Oracle NoSQL Database

Last updated
Oracle NoSQL DB
Developer(s) Oracle Corporation
Initial releaseSeptember 2011;12 years ago (2011-09)
Stable release
22.2 / 19 August 2022 (2022-08-19)
Written in Java
Available inEnglish
Type NoSQL
License Apache License 2.0 (CE) and Proprietary (EE)
Website oracle.com/technetwork/database/database-technologies/nosqldb/

Oracle NoSQL Database is a NoSQL-type distributed key-value database from Oracle Corporation. [1] [2] [3] [4] It provides transactional semantics for data manipulation, horizontal scalability, and simple administration and monitoring.

Contents

Oracle NoSQL Database Cloud Service is a managed cloud service for applications that require low latency, flexible data models, and elastic scaling for dynamic workloads.

Developers focus on application development and data store requirements rather than managing back-end servers, storage expansion, cluster deployments, topology, software installation/patches/upgrades, backup, operating systems, and availability. NoSQL database scales to meet dynamic application workloads and throughput requirements.

Users create tables to store their application data and perform database operations. A NoSQL table is similar to a relational table with additional properties including provisioned write units, read units, and storage capacity. Users provision the throughput and storage capacity in each table based on anticipated workloads. NoSQL Database resources are allocated and scaled accordingly to meet workload requirements. Users are billed hourly based on the capacity provisioned.

NoSQL Database supports tabular model. Each row is identified by a unique key, and has a value, of arbitrary length, which is interpreted by the application. The application can manipulate (insert, delete, update, read) a single row in a transaction. The application can also perform an iterative, non-transactional scan of all the rows in the database.

Licensing

Oracle Corporation distributes the Oracle NoSQL Database in three editions:

Oracle NoSQL Database is licensed using a freemium model: open-source versions of Oracle NoSQL Community Edition are available, but end-users can purchase additional features and support via the Oracle Store. [5]

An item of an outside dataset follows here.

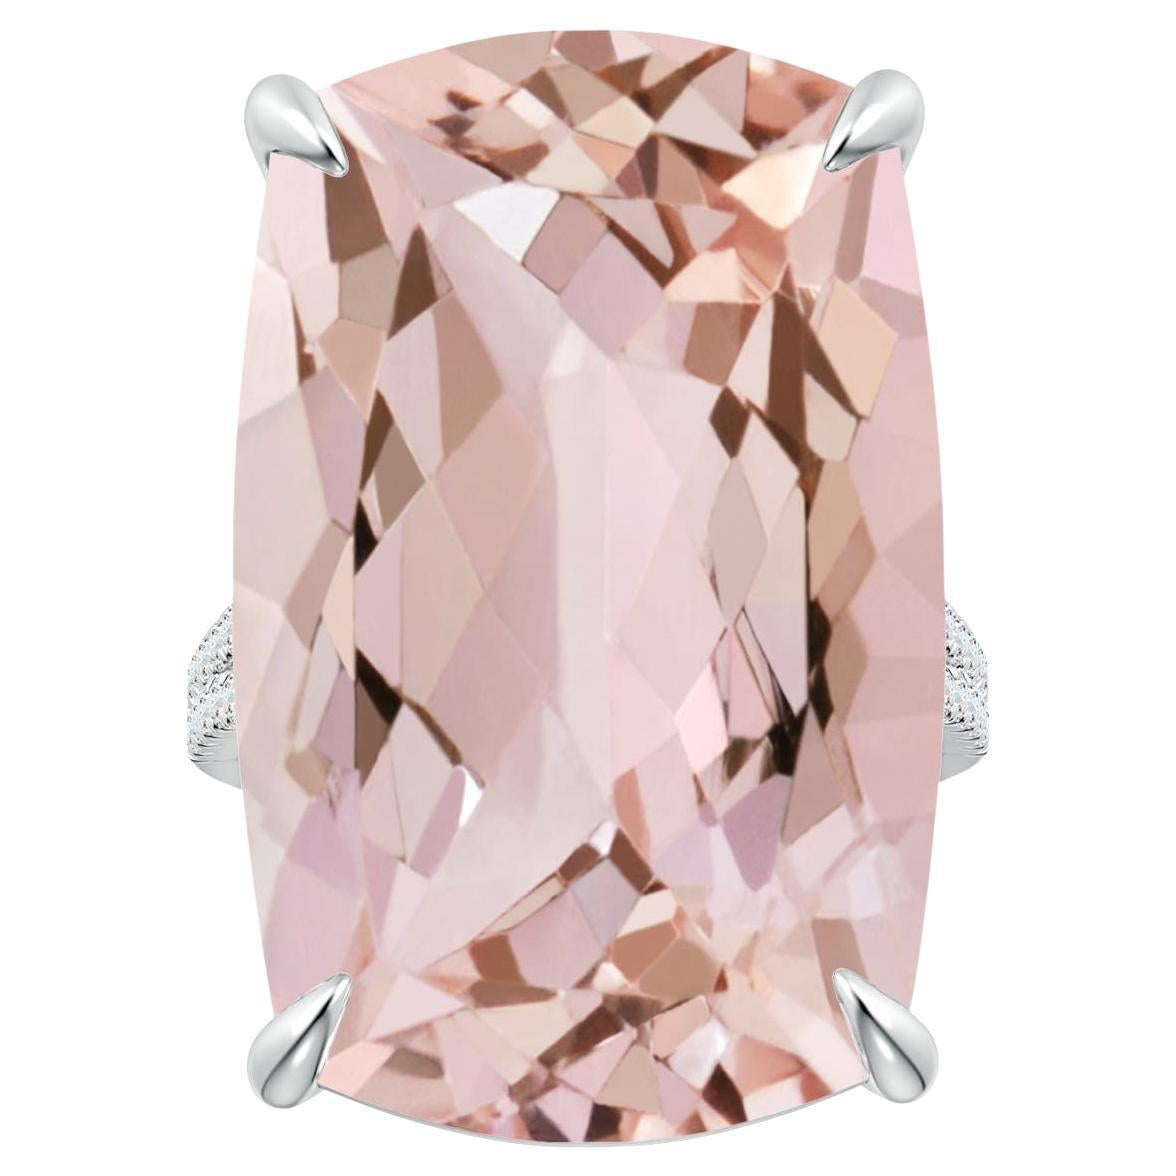 En vente :  Angara Bague en platine avec diamants et morganite taille coussin certifiée GIA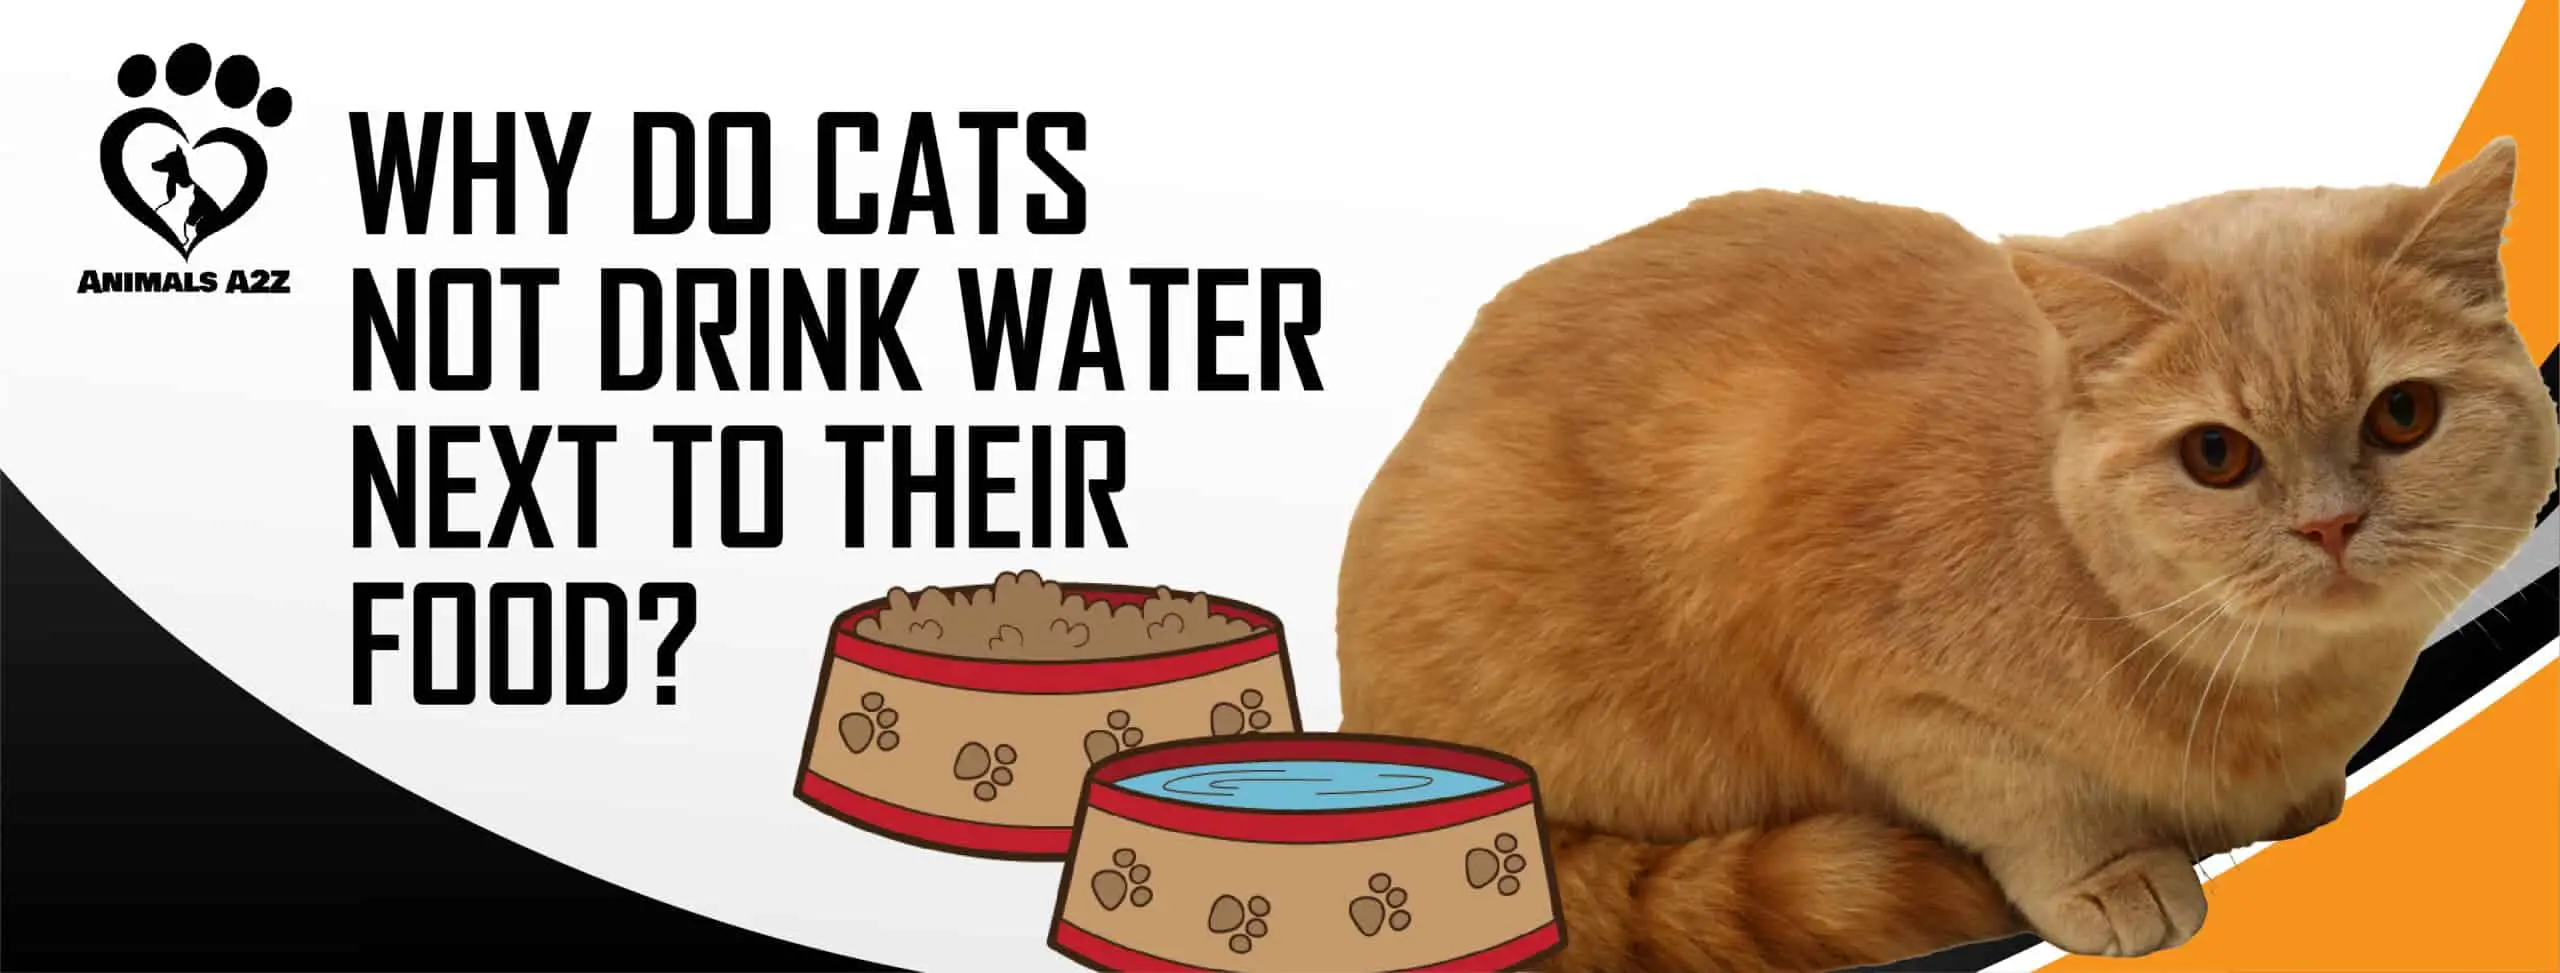 Hvorfor drikker katte ikke vand ved siden af deres mad?

Oracle NoSQL Database drivers, [6] licensed pursuant to the Apache 2.0 License, are used with both the community and enterprise editions. [7]

Main features

Architecture

Oracle NoSQL Database is built upon the Oracle Berkeley DB Java Edition high-availability storage engine. It adds services to provide a distributed, highly available key/value store, suited for large-volume, latency-sensitive applications. [8]

Sharding and replication

Oracle NoSQL Database is a client-server, sharded, shared-nothing system. The data in each shard are replicated on each of the nodes that comprise the shard. The major key for a record is hashed to identify the shard that the record belongs to. Oracle NoSQL Database is designed to support changing the number of shards dynamically in response to availability of additional hardware. If the number of shards changes, key-value pairs are redistributed across the new set of shards dynamically, without requiring a system shutdown and restart. A shard is made up of a single electable master node to serve read and write requests, and several replicas (usually two or more) that can serve read requests. Replicas are kept up to date using streaming replication. Each change on the master node is committed locally to disk and also propagated to the replicas.

High availability and fault-tolerance

Oracle NoSQL Database provides single-master, multi-replica database replication. [9] Transactional data is delivered to all replica nodes with flexible durability policies per transaction. In the event the master replica node fails, a consensus-based PAXOS-based automated fail-over election process minimizes downtime. As soon as the failed node is repaired, it rejoins the shard, updated and then becomes available for processing read requests. Thus, Oracle NoSQL Database applications can tolerate failures of nodes within a shard and also multiple failures of nodes in distinct shards.

Proper placement of masters and replicas on server hardware (racks and interconnect switches) by Oracle NoSQL Database is intended to increase availability on commodity servers.

Transparent load balancing

Oracle NoSQL Database Driver [10] partitions the data in real time and evenly distributes it across the storage nodes. It is network topology and latency-aware, routing read and write operations to the most appropriate storage node in order to optimize load distribution and performance.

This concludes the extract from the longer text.